Fidelity Investments’ Director of Global Macro, Jurrien Timmer, recently shared an updated rendition of the firm’s famous “Periodic Table of Investment Returns.”
The performance leaderboard shows that the high-flying gains seen in certain global equities stood in sharp contrast to a painful cooling-off period for traditional safe havens and alternative assets.
Winners and losers
Emerging markets, small-cap equities, and Japanese markets successfully claimed the top spots on the leaderboard; Bitcoin, gold, and long-term bonds languished at the very bottom of the performance matrix.
A closer, detailed inspection of the periodic table’s historical architecture demonstrates how radically the investment landscape shifted in the first half of 2026.

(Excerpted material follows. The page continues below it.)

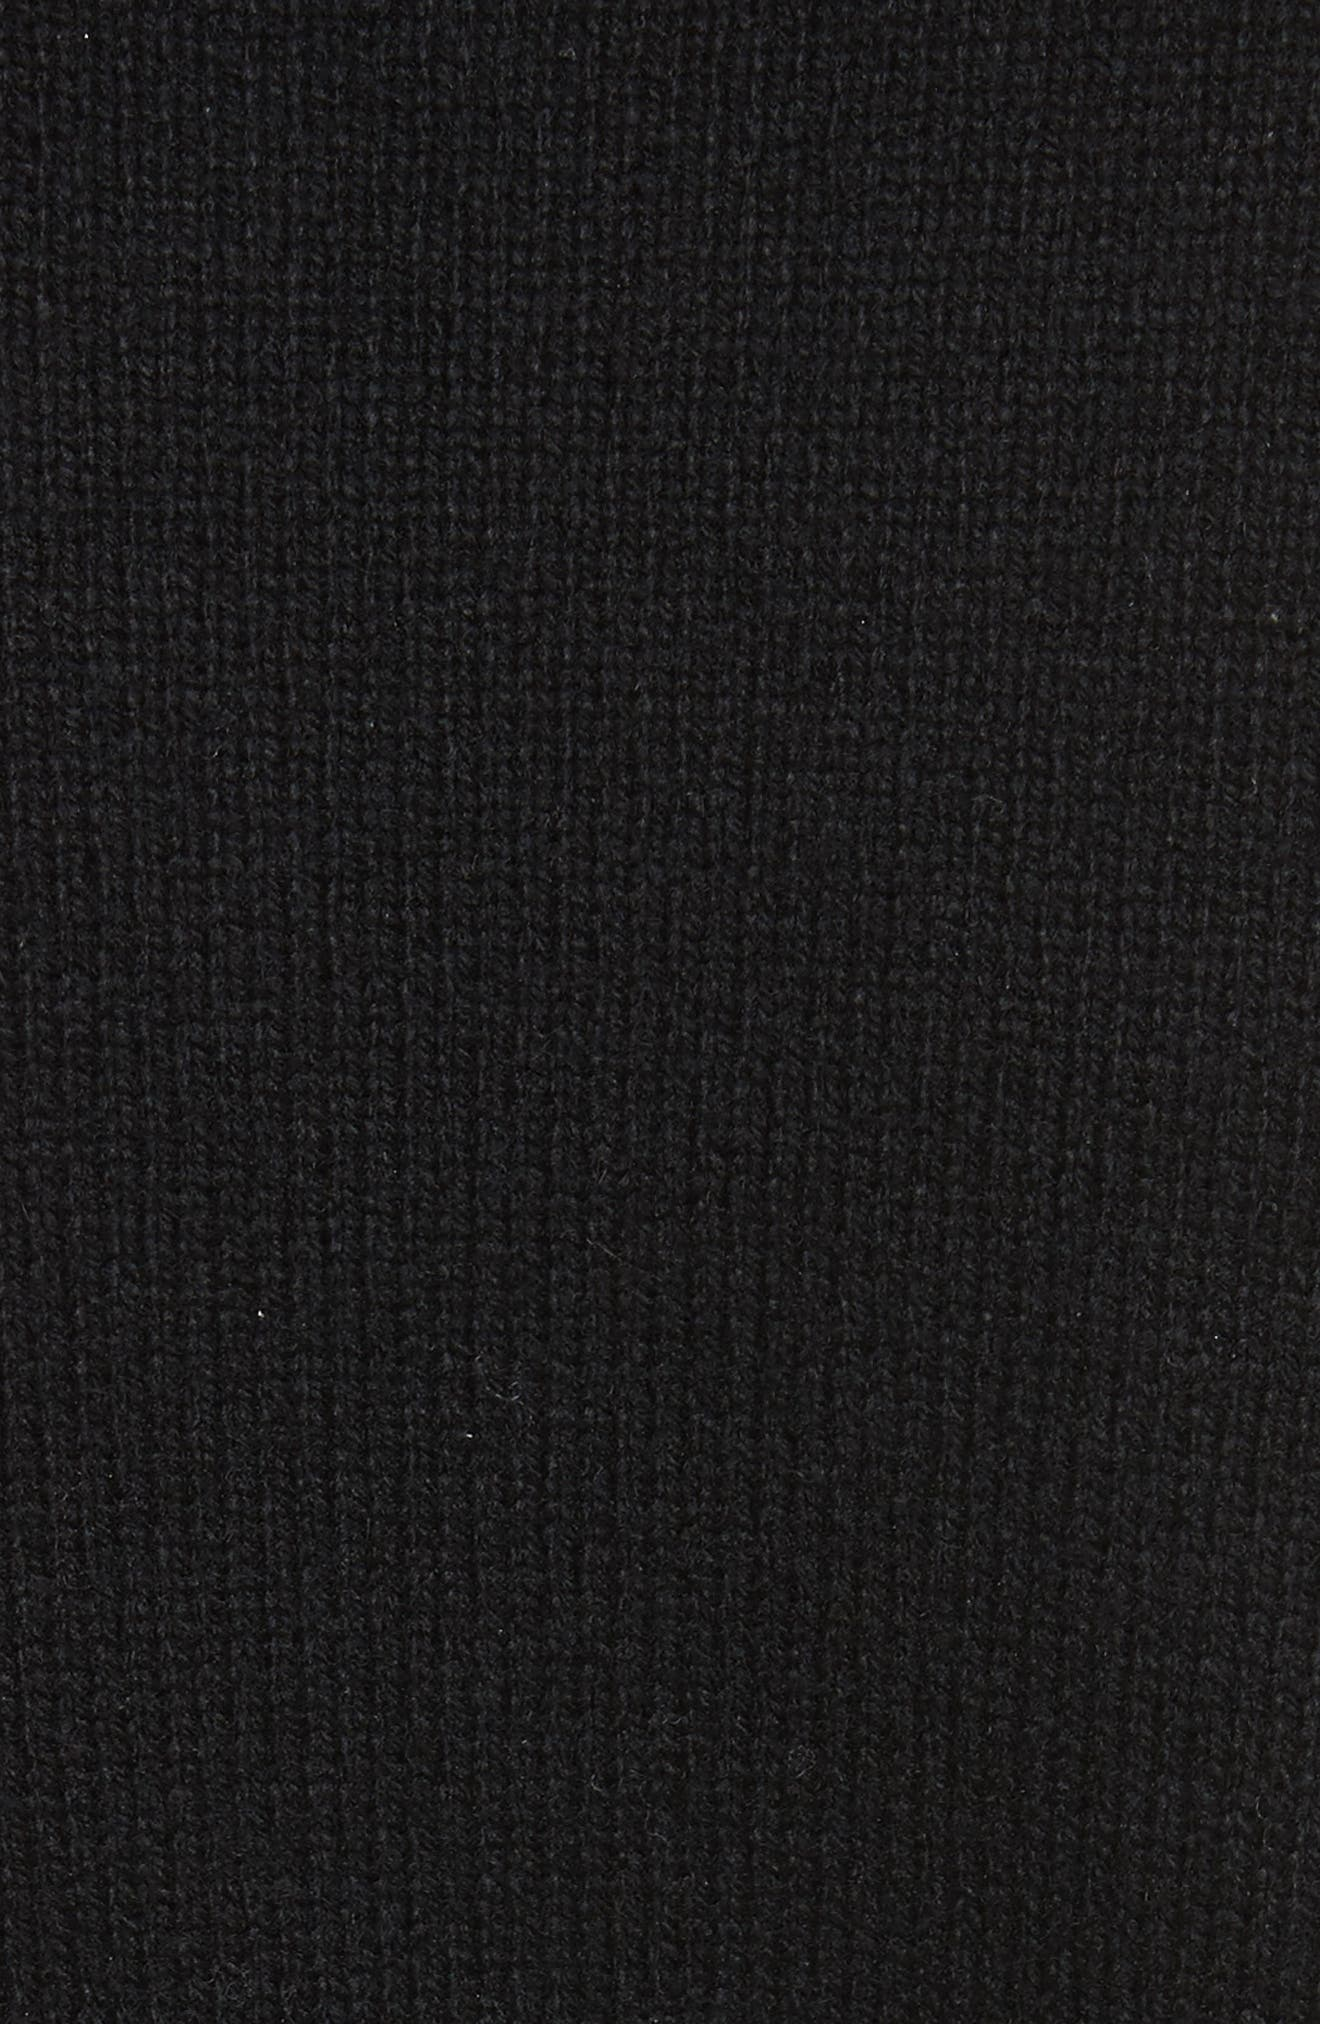 Lace Mix Cardigan,                             Alternate thumbnail 5, color,                             Black

Looking at the final column on the far right of the matrix, which tracks the monthly data up to June 2026, the bottom section is heavily dominated by a distinct block of bright orange tiles labeled with the letter “B”.
According to the table’s master legend, this orange designation specifically tracks the performance of Bitcoin. The clustered aggregation of these orange tiles at the foot of the 2026 column vividly illustrates that the leading cryptocurrency experienced an intense period of underperformance compared to almost every other liquid asset class on the grid.
Interspersed among these low-ranking Bitcoin tiles are other notable underperformers that typically move on different market dynamics.
Long-term treasuries, designated by the light green “LT” tiles, and spot gold are pinned right alongside Bitcoin in the lower echelons of the June layout.
This parallel slump creates an unusual market phenomenon where an aggressive, digital risk asset like Bitcoin and a conservative, physical store of value like gold simultaneously occupied the worst-performing tier.